Детство, отрочество, юность, борьба с многочисленными молодыми отпрысками старого аристократического рода за внимание старших… Первые драки, первая неловкая любовь, первые друзья, такие, с которыми дружба пылает жарче самого яркого костра, но чьи имена ты с трудом вспоминаешь, едва количество прожитых лет переваливает за второй десяток.
Академия Семи Башен с ее сияющими на солнце шпилями, скрывающая за вычурным фасадом гнилое нутро, пропитанное застарелыми обидами и вечным соперничеством седых, усатых стариков, давным-давно растерявших ясность ума и живущих указаниями из написанных ими же пыльных уставов. И бессонные ночи над пожелтевшими от времени страницами тех же уставов.
Первая дуэль. Первый офицерский патент. И первый потерянный цеп.
Обшивка плота нагрелась от костра, и теплая вода на отмели сияла куда ярче, чем в остальной реке. Да и ночь выдалась теплее, чем предыдущая – облаков почти не было, а с неба с любопытством следили за происходящим Левый и Правый. И, чем ближе подбиралась история к своей развязке, тем светлее становилось в заводи.
– Канторец, волоча за собой неестественно искривленную ногу, подошел к затихшему мертвецу и жахнул в упор, расплескав по земле и окончательно успокоив то, что некогда было Сорватом. Выглядел Торден плохо – весь залитый кровью, одна рука висит плетью, нога явно сломана. Как он в таком состоянии вообще умудрялся стоять, оставалось загадкой. Зажав подмышкой жахатель, канторец дрожащими руками сменил банку…
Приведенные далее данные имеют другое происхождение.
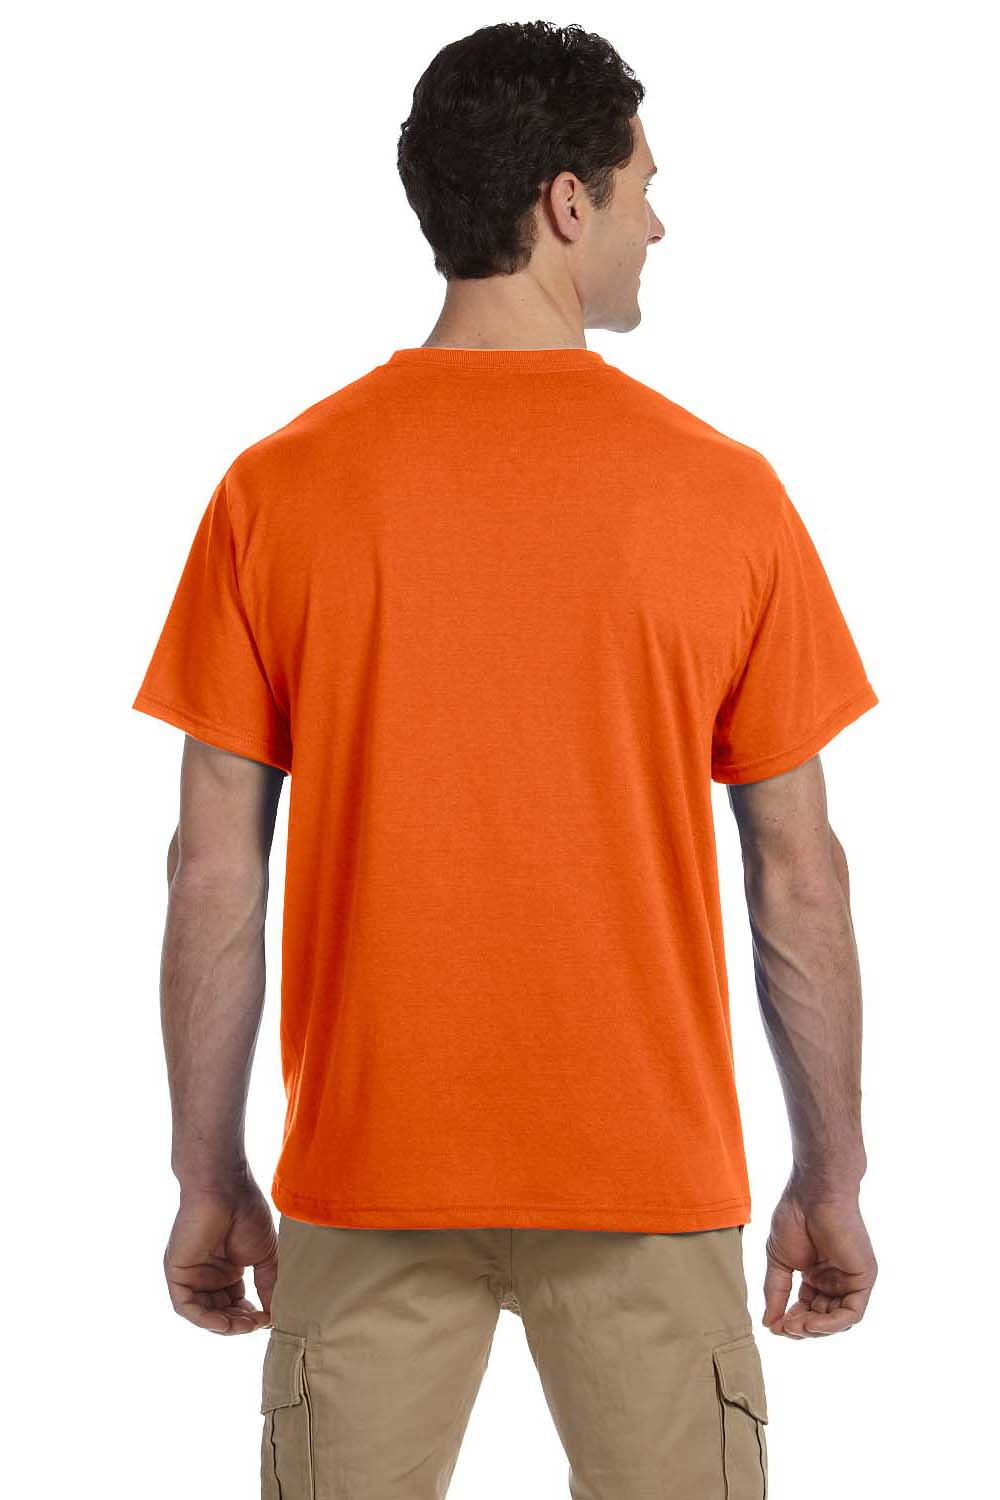 Safety Orange pocket t shirt Short Sleeve

Брак замолчал, вновь переживая события у “Вдовушки”. Ему не стоило особых усилий выкинуть из истории себя, учитывая свой откровенно никчемный вклад в произошедшее. Но вот заново ощущать те же эмоции было невыносимо тяжело. Чем ближе он приближался к тому самому моменту, тем труднее становилось говорить.
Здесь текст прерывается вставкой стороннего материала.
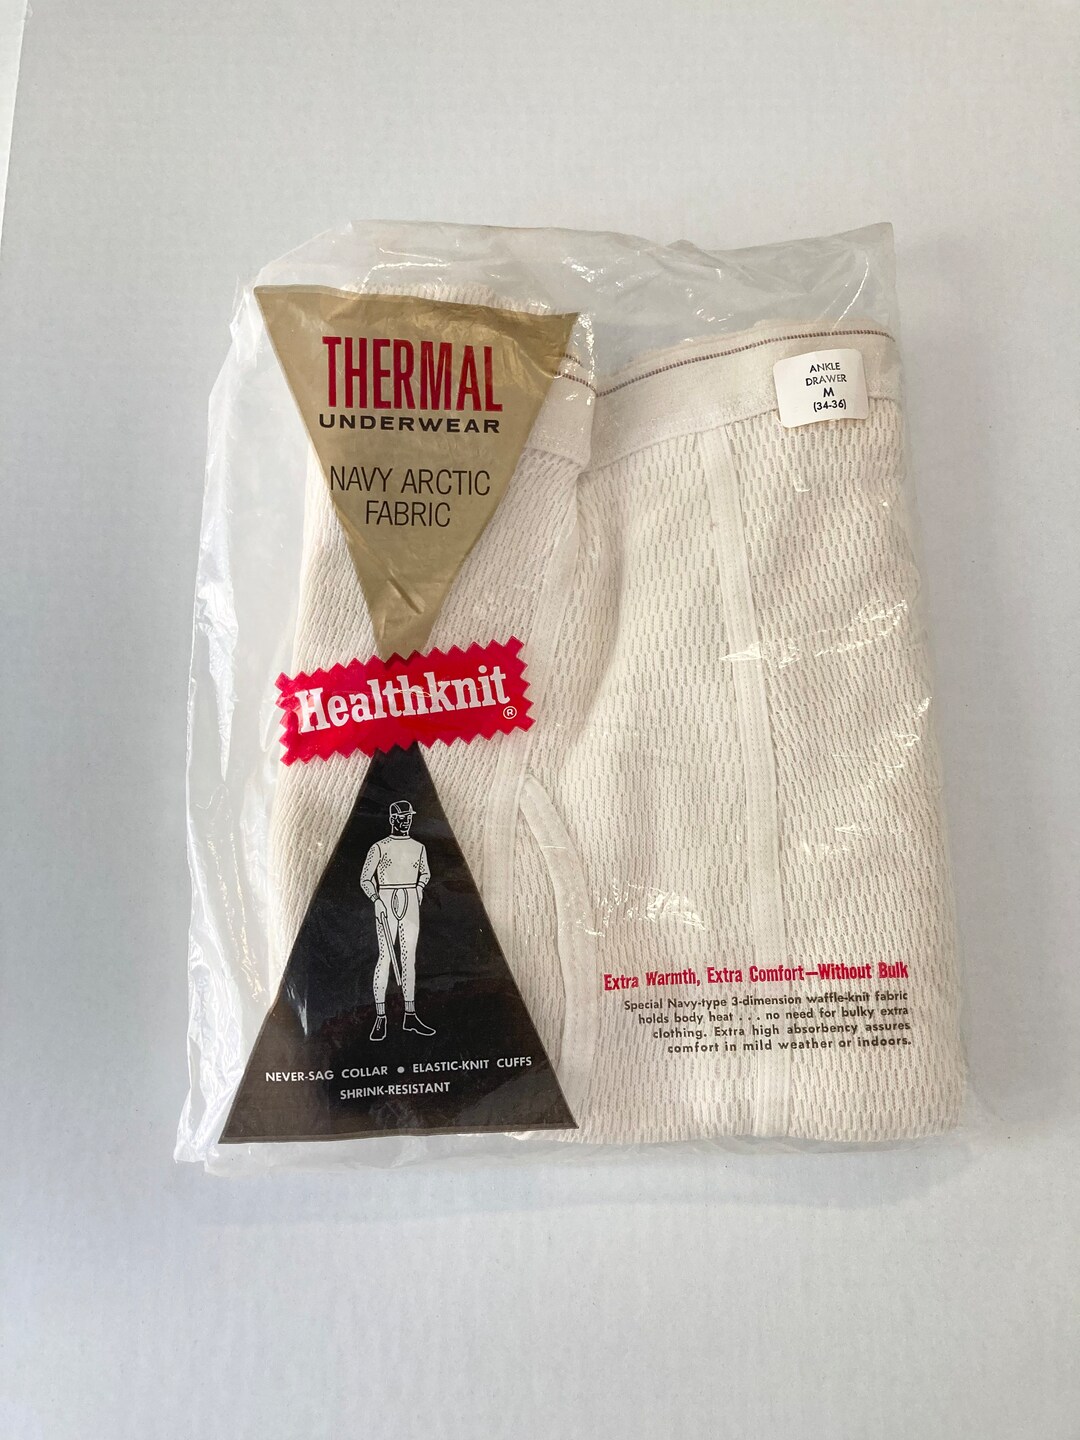 Vintage NOS Healthknit Thermal Underwear M 34-36 - Etsy

– Торден поднял с земли дырокол, оперся о древко, с облегчением снимая вес со сломанной ноги. Он бледнел на глазах, смуглая кожа проступила крупными каплями пота. Безголовый Стогм встал на колено и принялся раскачиваться, словно принюхиваясь. Со стороны опушки послышался треск ломаемых веток, а из-за деревьев выметнулись мертвецы…
– Шарки.
– Заткнись, – прошипел Везим.
– А дальше что? – спросил Кандар, когда пауза безобразно затянулась. – Он точно выжил, иначе не было бы рассказа. Но вот как – мое воображение отказывает. Три шарка, с такими ранами…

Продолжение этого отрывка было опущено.